- [How to complete this task]: Retype the data exactly, skipping any picture in it.

- [Given data]:
****

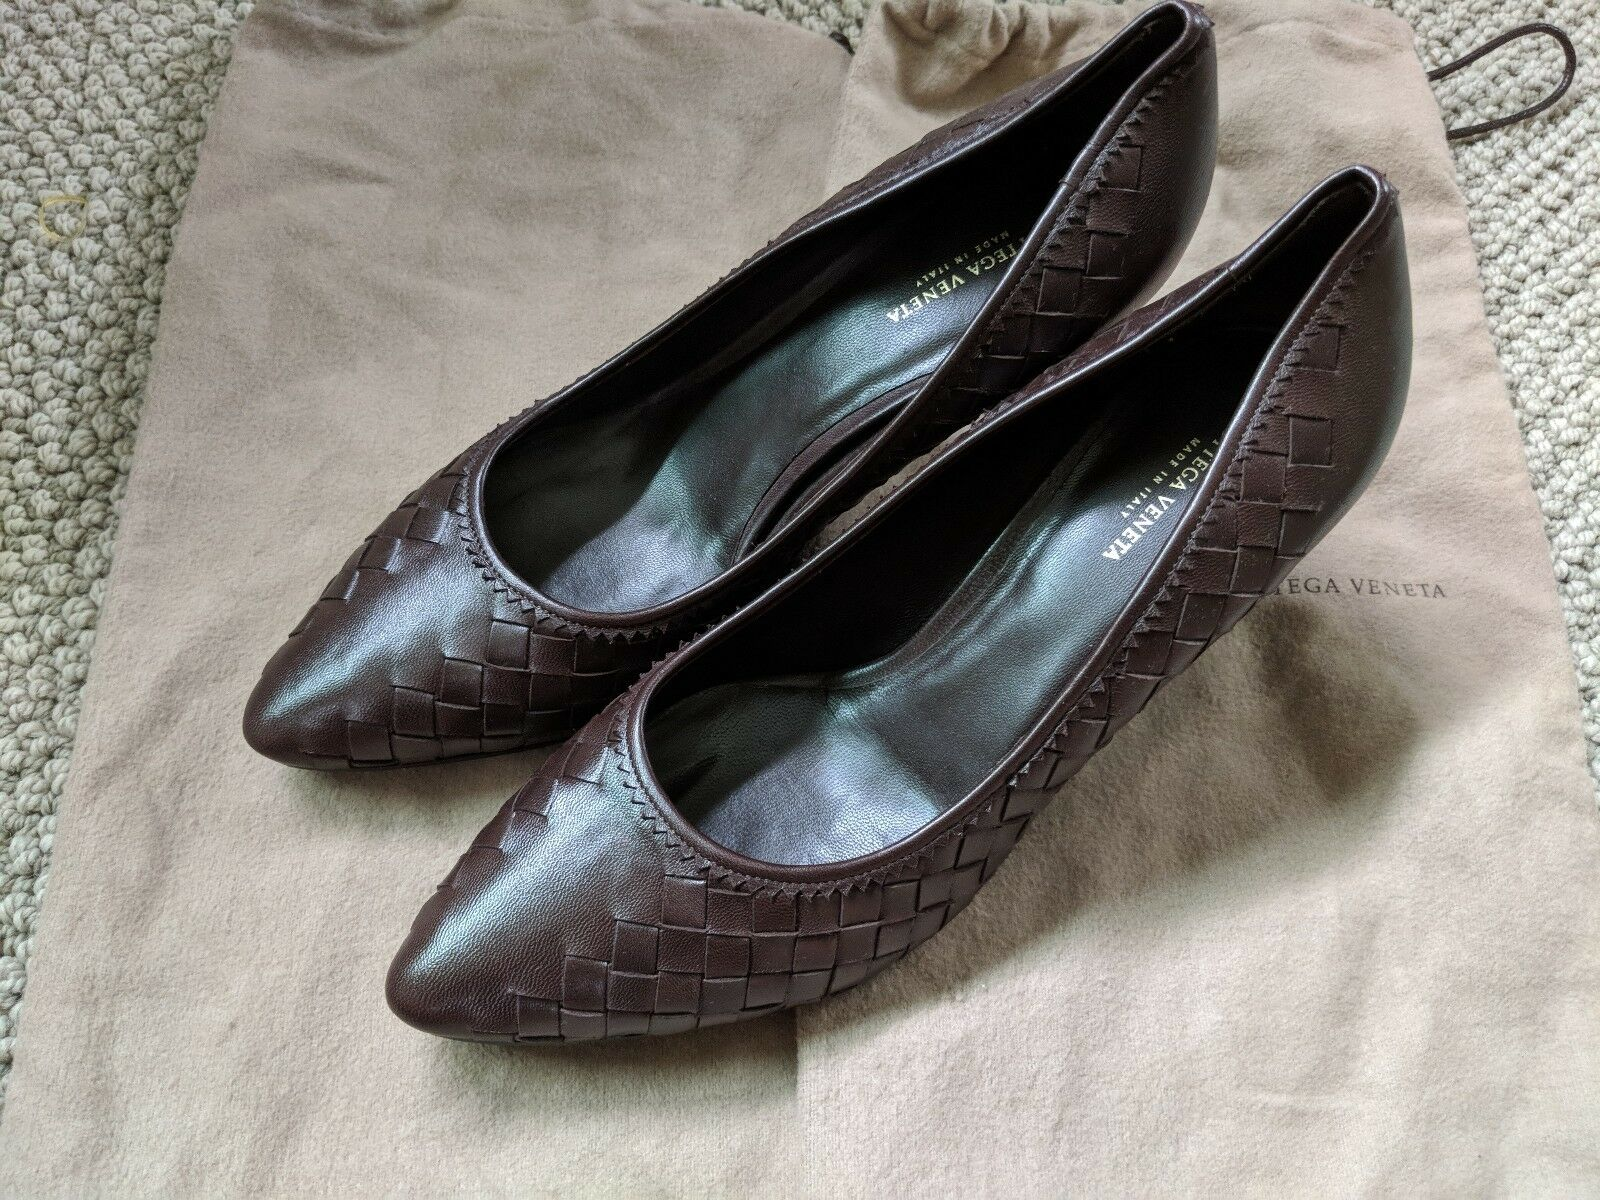 Classic Bottega Veneta Pointed Pointed Pointed Toe Heels 77f23c
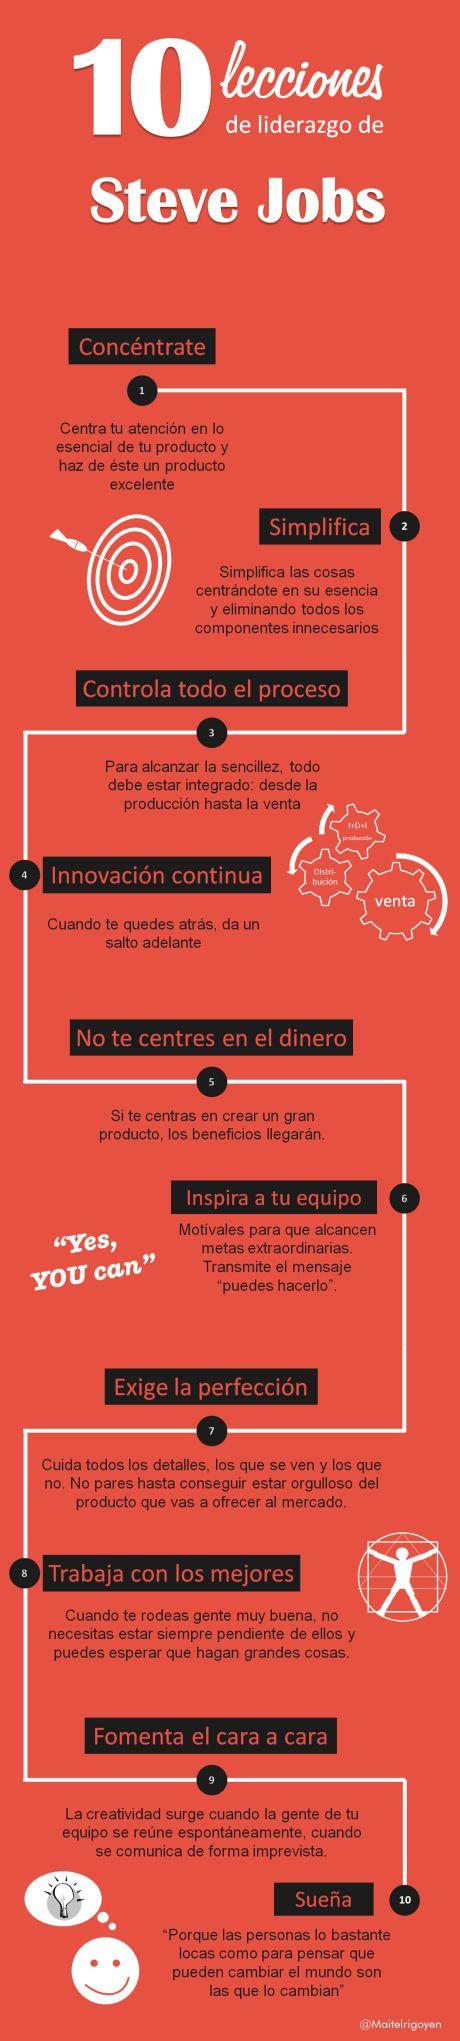 Infografía 10 lecciones de liderazgo de Steve Jobs
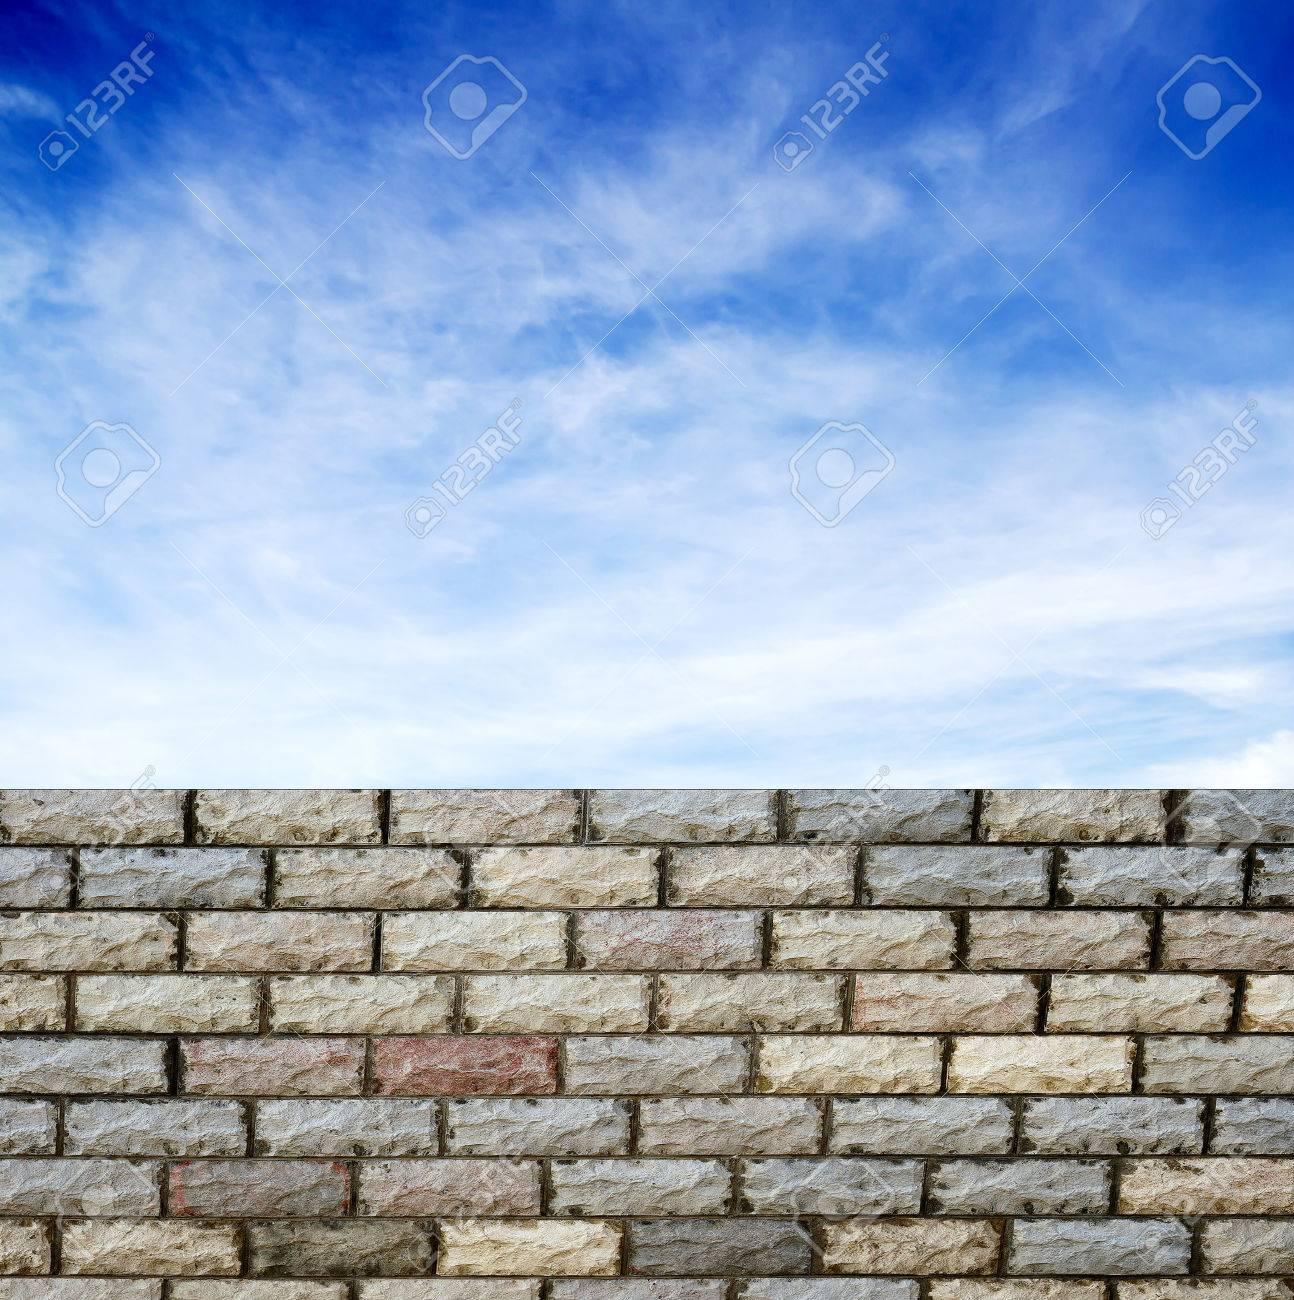 Dekorative Ziegelmauer Wand Gegen Blauen Himmel Standard Bild   27098241

****

- [Result below]:
 Classic Bottega Veneta Pointed Pointed Pointed Toe Heels 77f23c
 Infografía 10 lecciones de liderazgo de Steve Jobs
 Dekorative Ziegelmauer Wand Gegen Blauen Himmel Standard Bild   27098241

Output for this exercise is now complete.